Study material
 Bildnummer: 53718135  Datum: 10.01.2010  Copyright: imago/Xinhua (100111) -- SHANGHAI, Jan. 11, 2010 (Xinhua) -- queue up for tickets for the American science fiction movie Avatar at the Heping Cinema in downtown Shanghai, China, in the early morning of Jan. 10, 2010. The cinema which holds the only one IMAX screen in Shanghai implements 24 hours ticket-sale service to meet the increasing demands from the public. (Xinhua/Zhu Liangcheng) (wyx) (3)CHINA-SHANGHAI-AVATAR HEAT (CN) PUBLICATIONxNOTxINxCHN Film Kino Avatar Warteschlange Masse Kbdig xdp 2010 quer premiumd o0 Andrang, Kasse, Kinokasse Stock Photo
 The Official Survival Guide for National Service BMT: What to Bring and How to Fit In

==

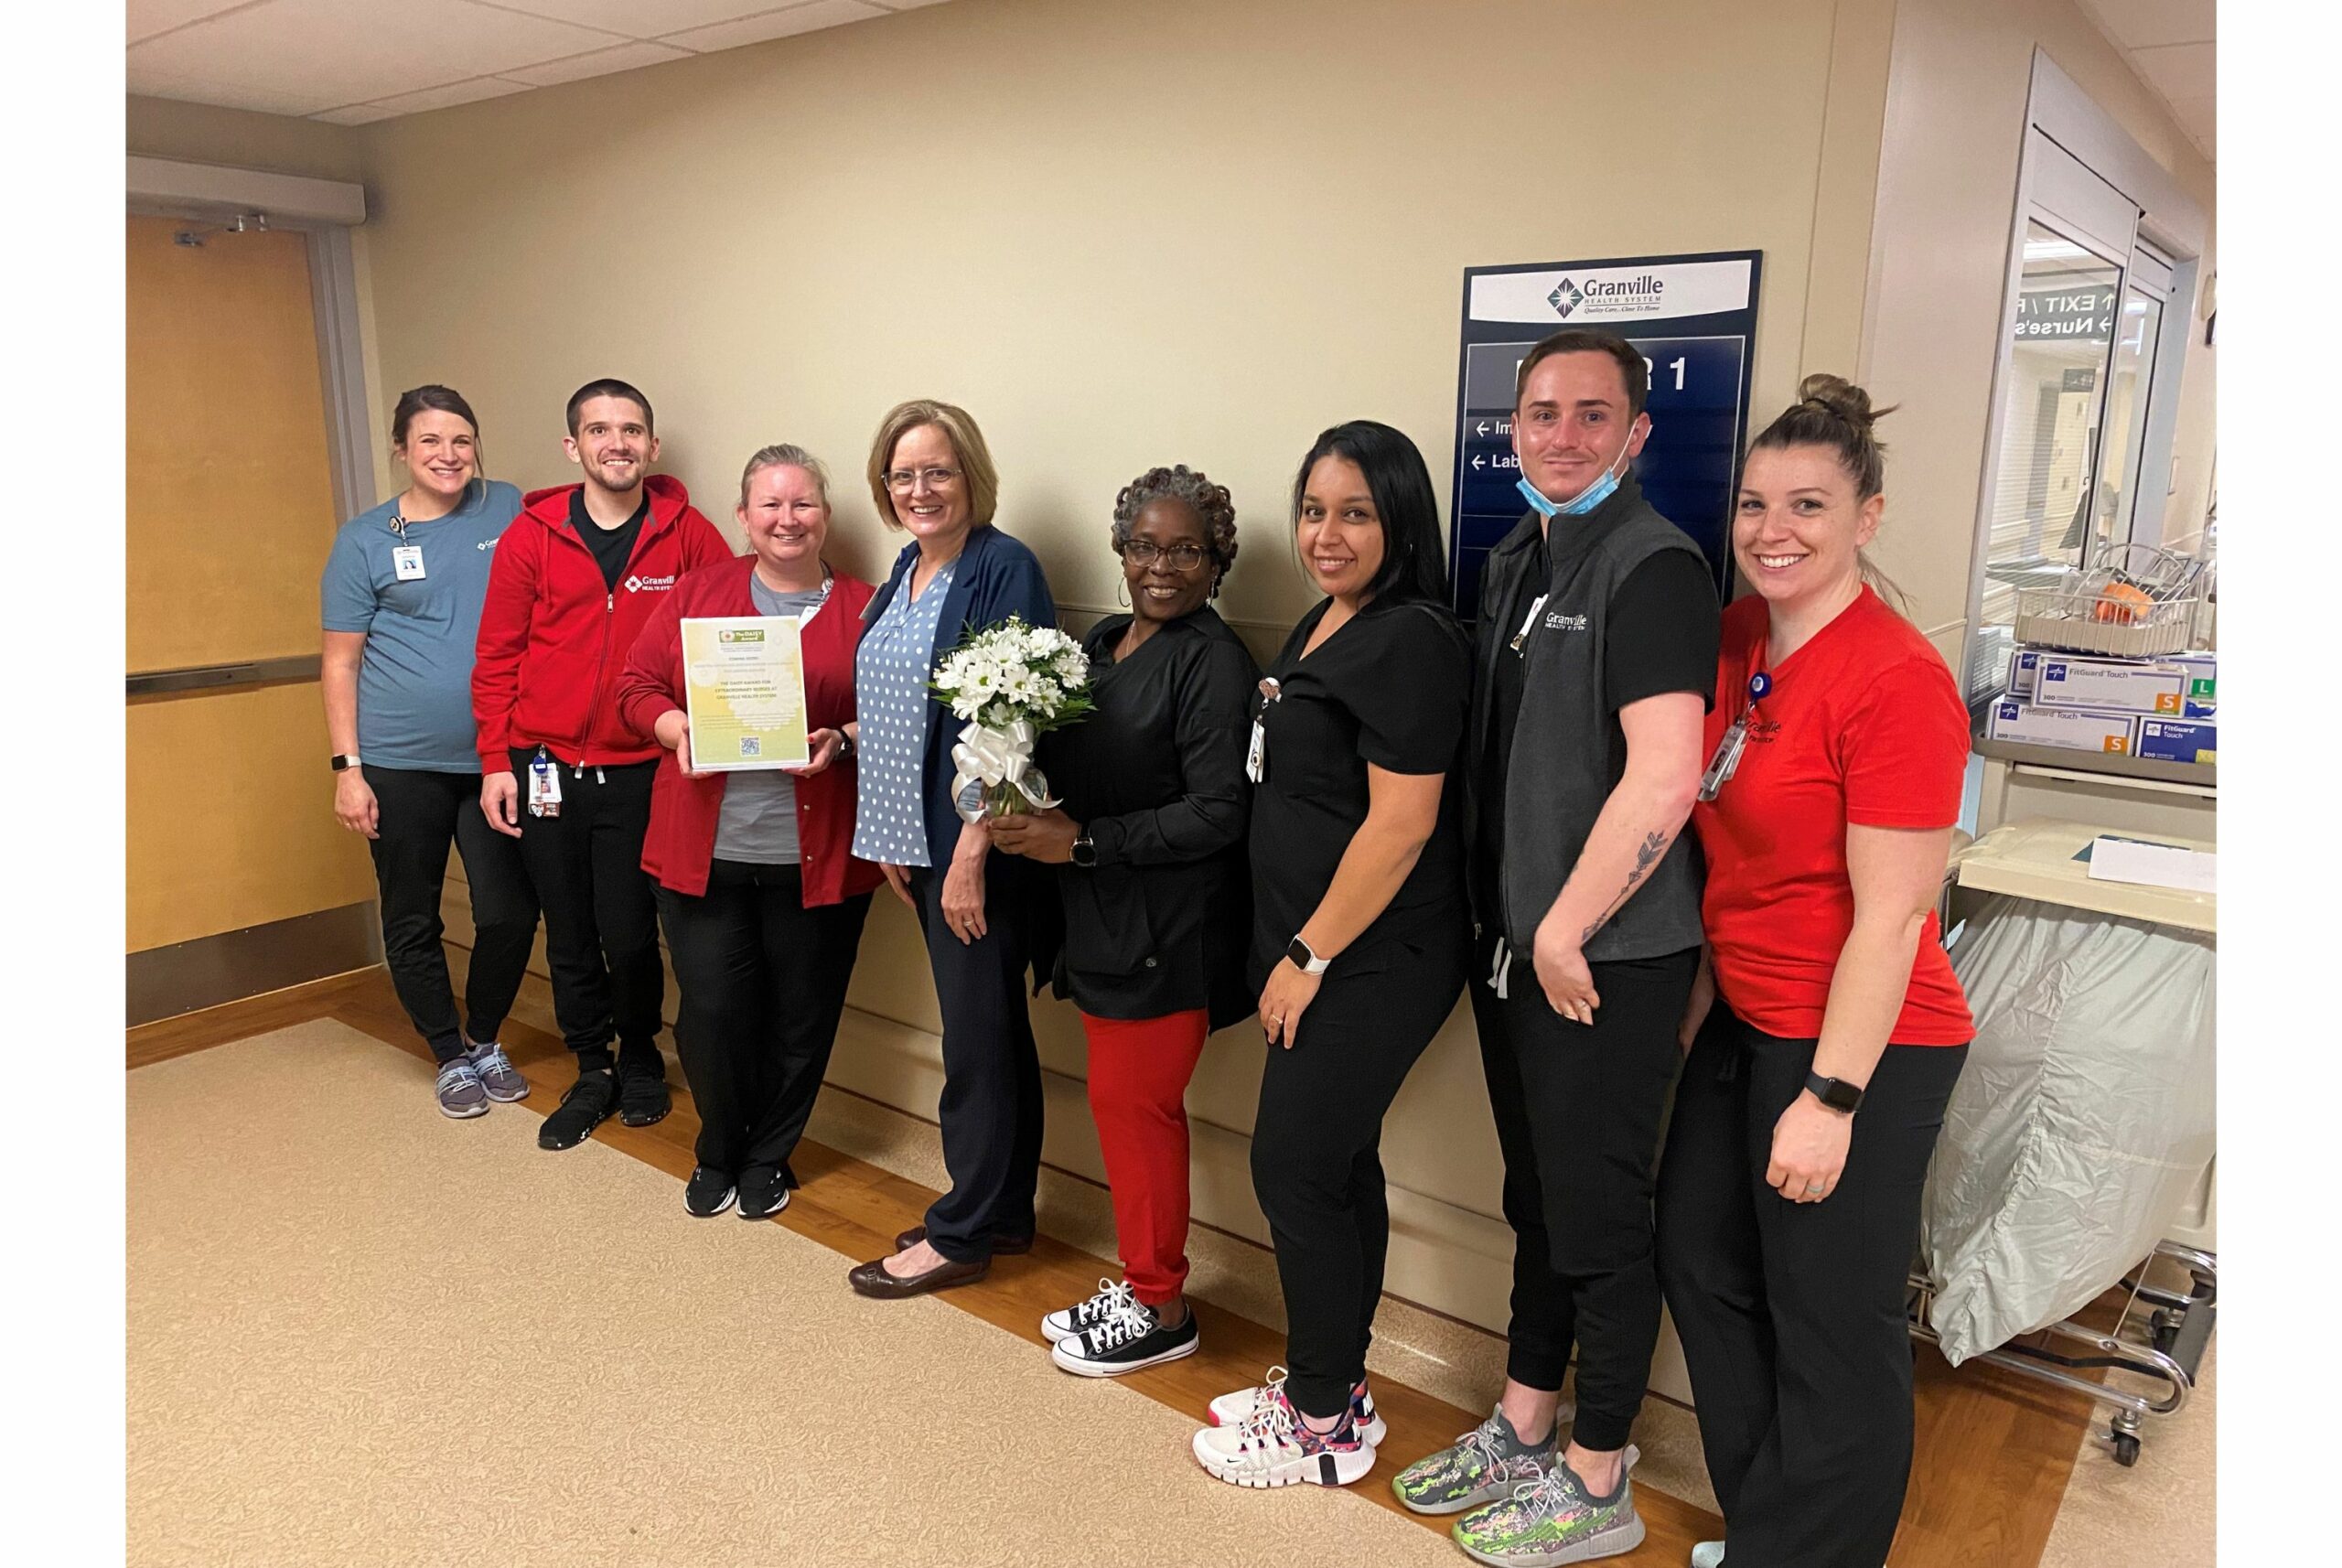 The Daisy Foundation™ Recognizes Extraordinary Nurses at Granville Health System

Problem to work on
Go to the line in the material above that contains "Kinokasse Stock Photo" and copy exactly from there through the line that contains "The Official Survival", stopping after it.

Result for this task
 Bildnummer: 53718135  Datum: 10.01.2010  Copyright: imago/Xinhua (100111) -- SHANGHAI, Jan. 11, 2010 (Xinhua) -- queue up for tickets for the American science fiction movie Avatar at the Heping Cinema in downtown Shanghai, China, in the early morning of Jan. 10, 2010. The cinema which holds the only one IMAX screen in Shanghai implements 24 hours ticket-sale service to meet the increasing demands from the public. (Xinhua/Zhu Liangcheng) (wyx) (3)CHINA-SHANGHAI-AVATAR HEAT (CN) PUBLICATIONxNOTxINxCHN Film Kino Avatar Warteschlange Masse Kbdig xdp 2010 quer premiumd o0 Andrang, Kasse, Kinokasse Stock Photo
 The Official Survival Guide for National Service BMT: What to Bring and How to Fit In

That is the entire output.